< II Królewska 2 >
1 I stało się, gdy miał wziąć Pan Elijasza w wichrze do nieba, że wyszedł Elijasz z Elizeuszem z Galgal.
A kad Gospod šæaše uzeti Iliju u vihoru na nebo, poðoše Ilija i Jelisije iz Galgala.
2 I rzekł Elijasz do Elizeusza: Proszę siedź tu; bo mię Pan posłał aż do Betel. I rzekł Elizeusz: Jako żywy Pan, i jako żywa dusza twoja, że się ciebie nie puszczę. I przyszli do Betel.
I reèe Ilija Jelisiju: ostani ti ovdje, jer mene Gospod šalje do Vetilja. Ali Jelisije reèe: tako živ bio Gospod i tako živa bila duša tvoja, neæu te ostaviti. I doðoše u Vetilj.
3 Tedy wyszli synowie proroccy, którzy byli w Betel, do Elizeusza, i rzekli do niego: Wieszże, iż dziś Pan weźmie od ciebie pana twego? A on rzekł: Wiemci; milczcie tylko.
Tada doðoše k Jelisiju sinovi proroèki koji bijahu u Vetilju, i rekoše mu: znaš li da æe danas Gospod uzeti gospodara tvojega od tebe? A on reèe: znam, muèite.
4 Znowu rzekł mu Elijasz: Elizeuszu, proszę siedź tu; bo mię Pan posłał do Jerycha.
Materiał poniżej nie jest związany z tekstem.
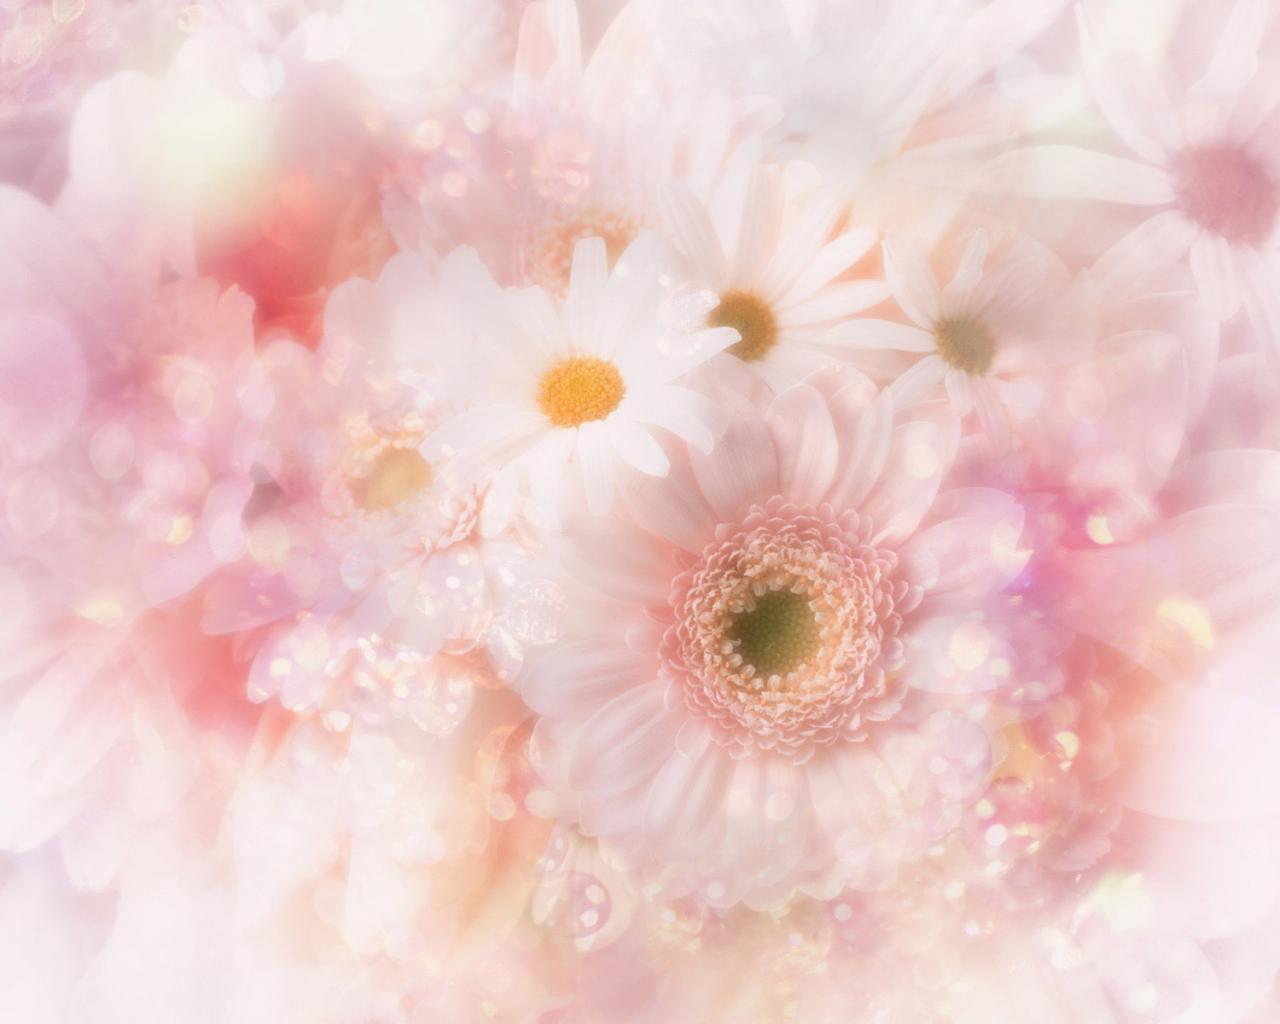 hq-wallpapers_ru_flowers_37627_1280x1024

A on odpowiedział: Jako żywy Pan, i jako żywa dusza twoja, że się ciebie nie puszczę. A tak przyszli do Jerycha.
Opet mu reèe Ilija: Jelisije, ostani ti tu, jer me Gospod šalje u Jerihon. A on reèe: tako živ bio Gospod i tako živa bila duša tvoja, neæu te ostaviti. Tako doðoše u Jerihon.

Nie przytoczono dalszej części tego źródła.